PCOS cannot be cured. It is treated to prevent symptomatic problems and arrive at the results you want to get: Pregnancy, preventing heart problems or reduce the risk of diabetes. Treatments include:

  • Birth Control Pills – Combination pills will control your menstrual cycle, reduce the male androgen hormone concentration and clear up acne for as long as you take it.
  • Diabetes Medication – Glucophage (Metformin – Diabetes Type 2 drug) is used off label to restart ovulation, slow down hair growth, decrease body mass and cholesterol.
  • Fertility Medications – Clomiphene citrate (Clomid, Serophene). Treatment with clomiphene citrate causes the pituitary gland to produce more FSH. This causes the egg to mature and be released. Sometimes women need stronger fertility drugs to get pregnant. A side effect is the risk of multiple births.
  • Anti-Androgen Medicine – Finasteride (Propecia), Flutamide (Eulexin, Flutamin) or Spironolactone (Aldactone) are often used in combination with birth control pills to normalize hair growth and acne
  • Surgery – A process called “ovarian drilling” is used to temporary control androgens and
  • Lifestyle Modification – Eat healthy, exercise and loose weight. Losing weight (which can be difficult) may help to reduce the high insulin levels in the blood. For women with this condition who are overweight, weight loss can reduce insulin resistance, stimulate ovulation, and improve fertility rates.

PCOS Dangers

  • After menopause, excessive hair growth continues, and male pattern baldness or thinning hair gets worse after menopause. Also, the risks of complications from PCOS, such as heart attack, stroke and diabetes, increase as a woman gets older.
  • For pregnant women: There appears to be higher rates of miscarriage, gestational diabetes, pregnancy-induced high blood pressure (pre-eclampsia), and premature delivery in women with PCOS. Researchers are studying how the diabetes medicine metformin can prevent or reduce the chances of having these problems while pregnant. Metformin also lowers male hormone levels and limits weight gain in women who are obese when they get pregnant.

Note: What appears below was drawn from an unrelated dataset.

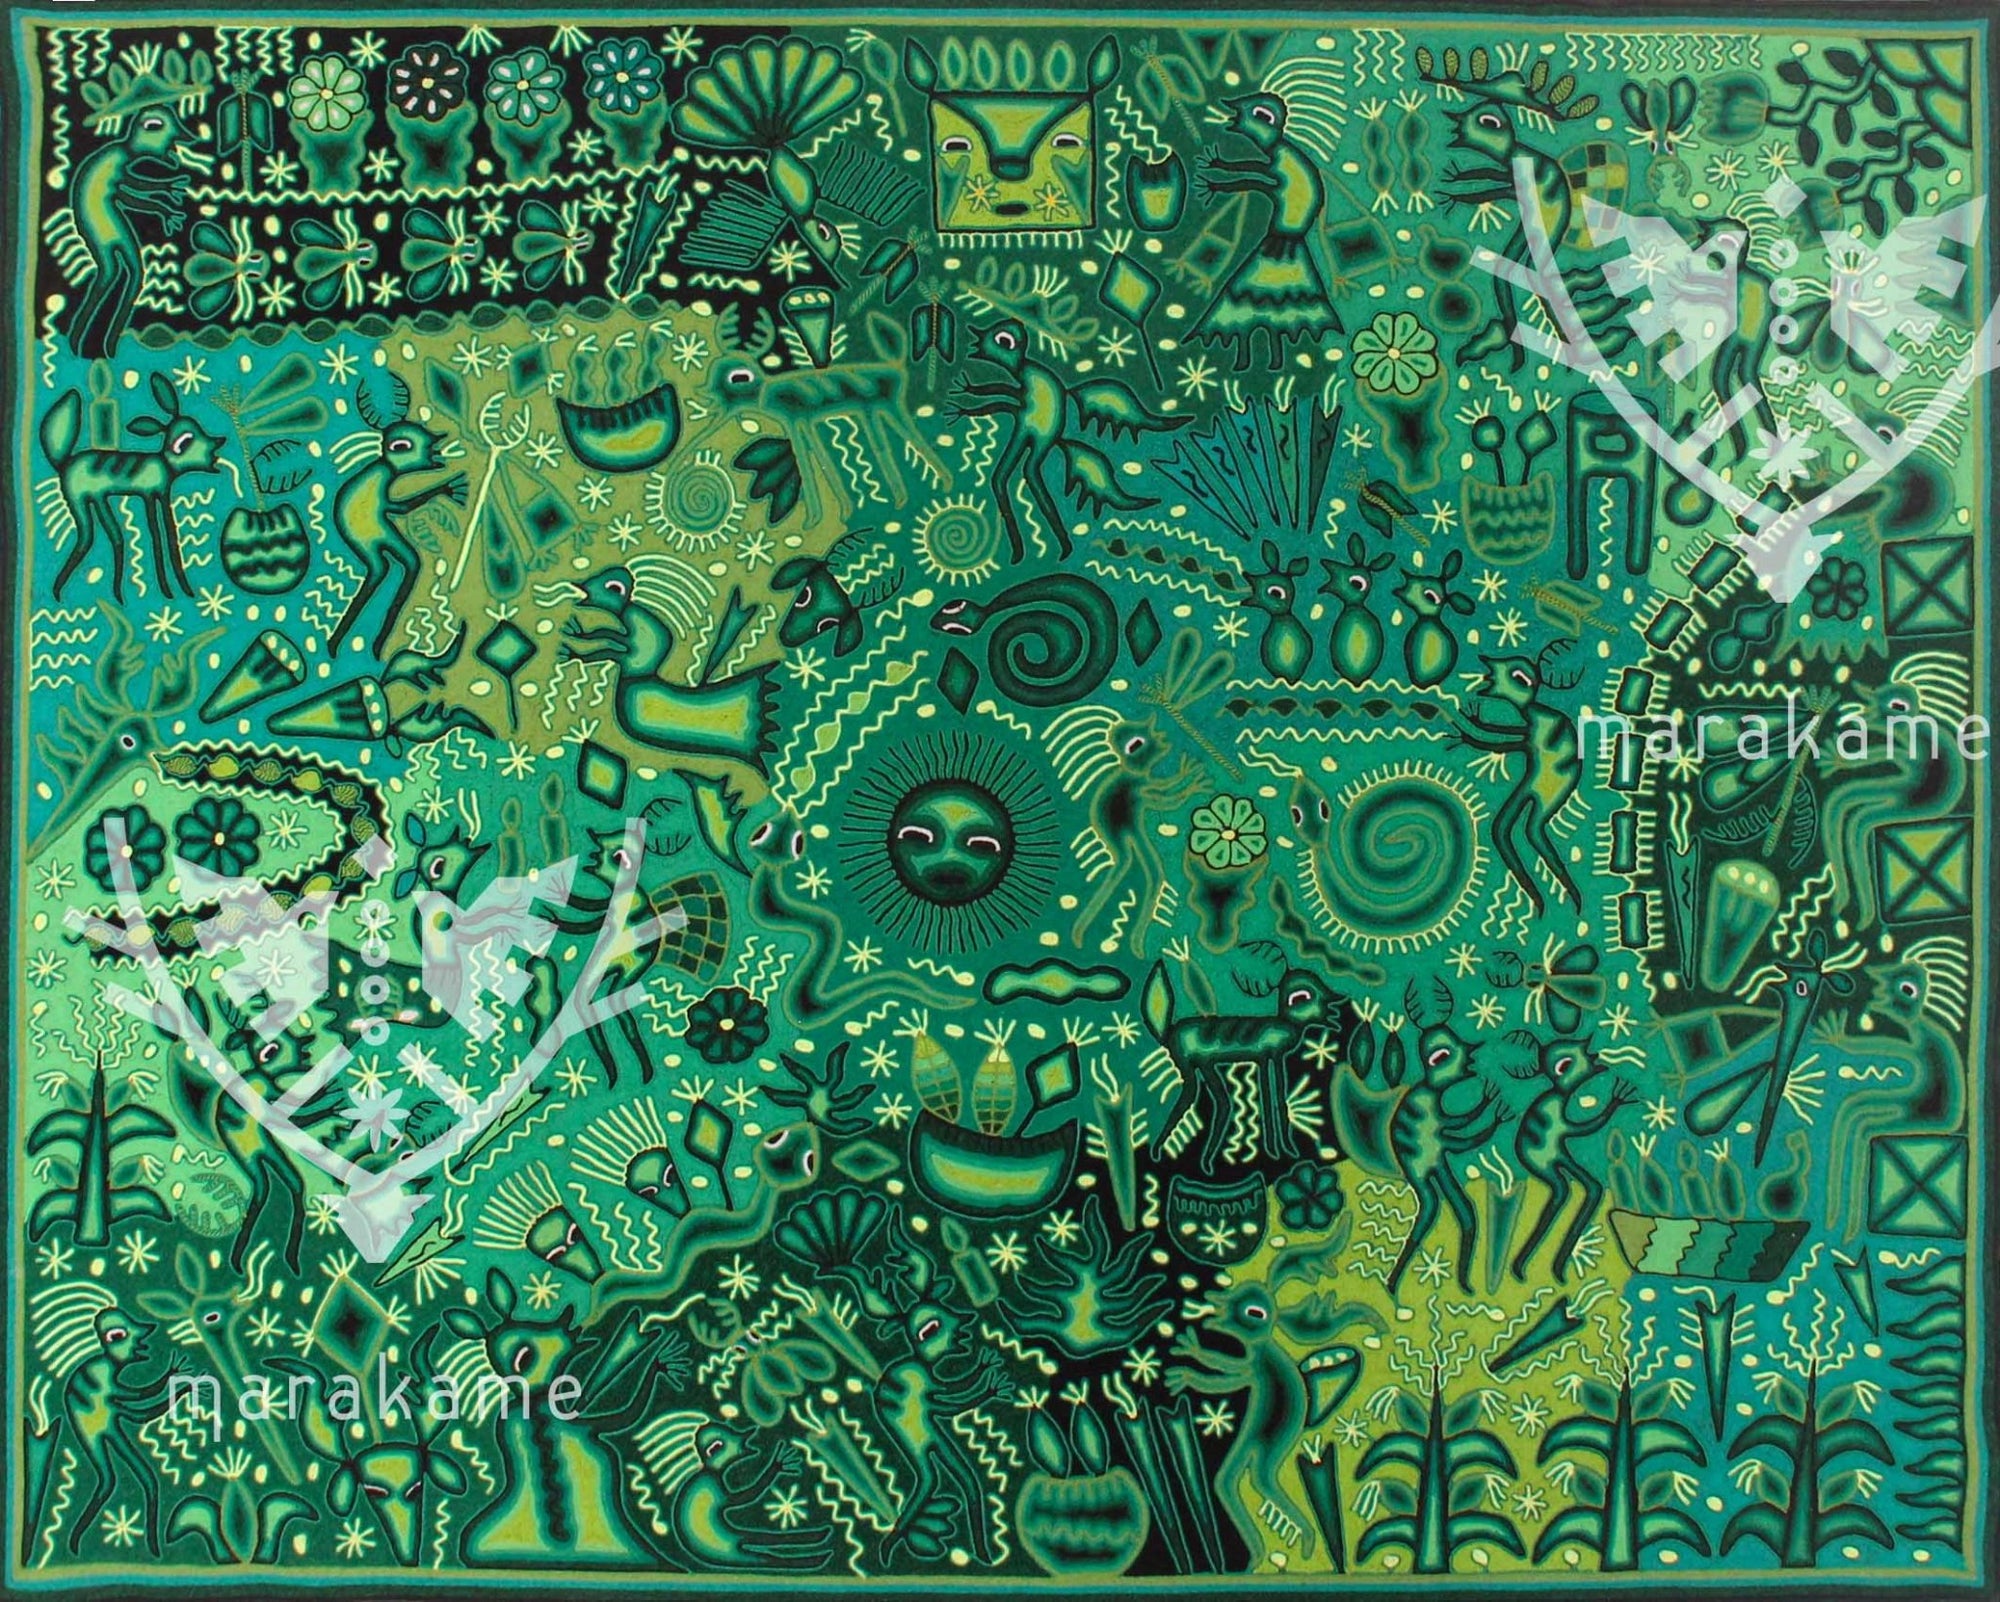 Nierika de Estambre Cuadro Huichol - Tawexika - 150 x 120 cm. - Arte Huichol - Marakame

  • More than 50 percent of women with PCOS will have diabetes or pre-diabetes (impaired glucose tolerance) before the age of 40.

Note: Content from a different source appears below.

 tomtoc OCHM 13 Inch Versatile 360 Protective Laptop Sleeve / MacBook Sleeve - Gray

  • Women with PCOS have a four to seven times higher risk of heart attack than women of the same age without PCOS.
  • Women with PCOS are at greater risk of having high blood pressure.
  • Women with PCOS have high levels of LDL (bad) cholesterol and low levels of HDL (good) cholesterol.

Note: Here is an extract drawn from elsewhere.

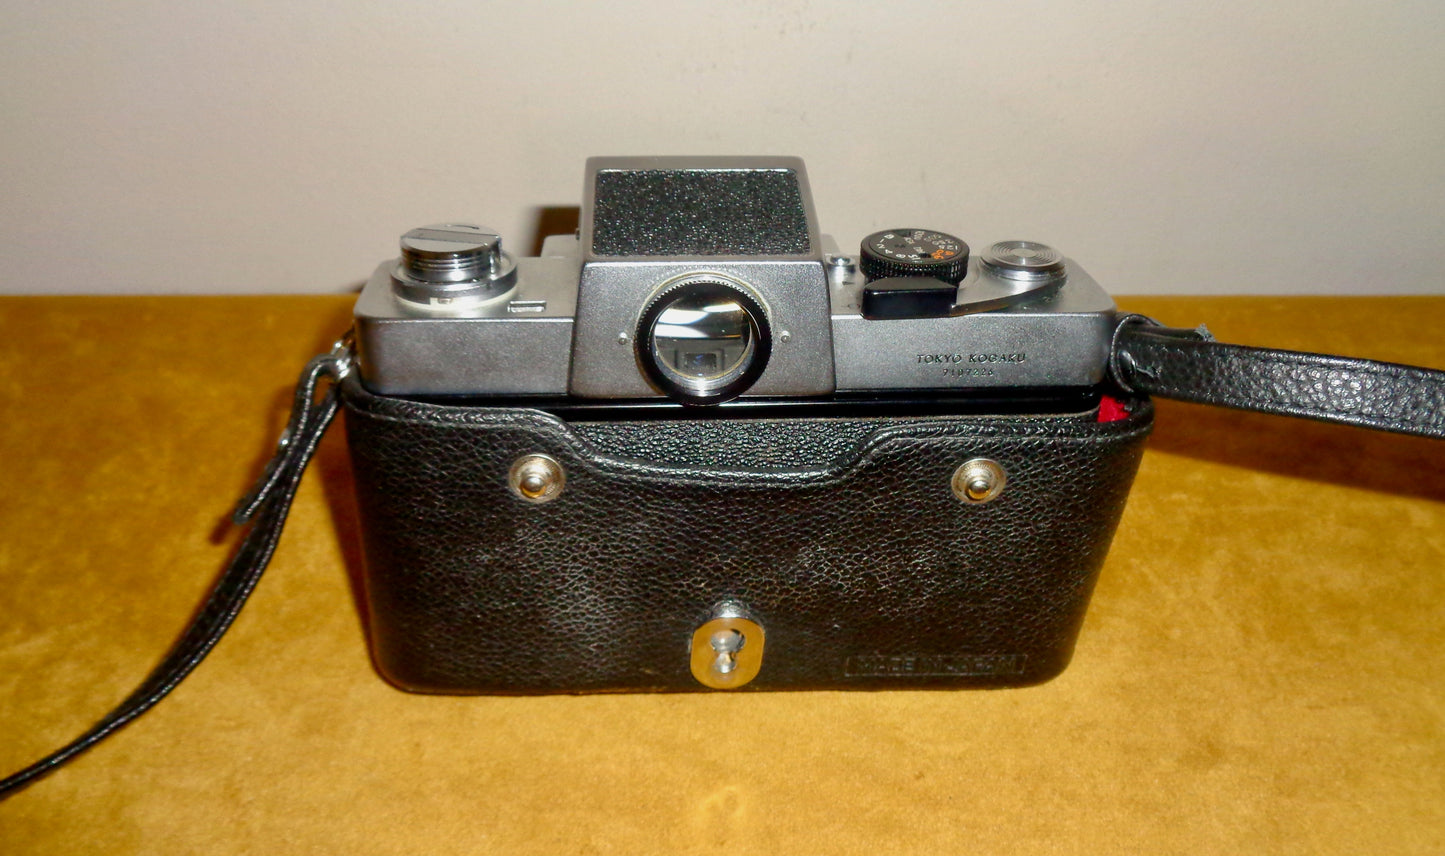 Topcon Super D 35mm Film Camera With f1.8 58mm Tokyo Kogaku RE. Auto Topcor Lens

  • The chance of getting endometrial cancer is another concern for women with PCOS. Irregular menstrual periods and the absence of ovulation cause women to produce the hormone estrogen, but not the hormone progesterone. Progesterone causes the endometrium to shed its lining each month as a menstrual period. Without progesterone, the endometrium becomes thick, which can cause heavy bleeding or irregular bleeding. Over time, this can lead to endometrial hyperplasia, when the lining grows too much, and cancer.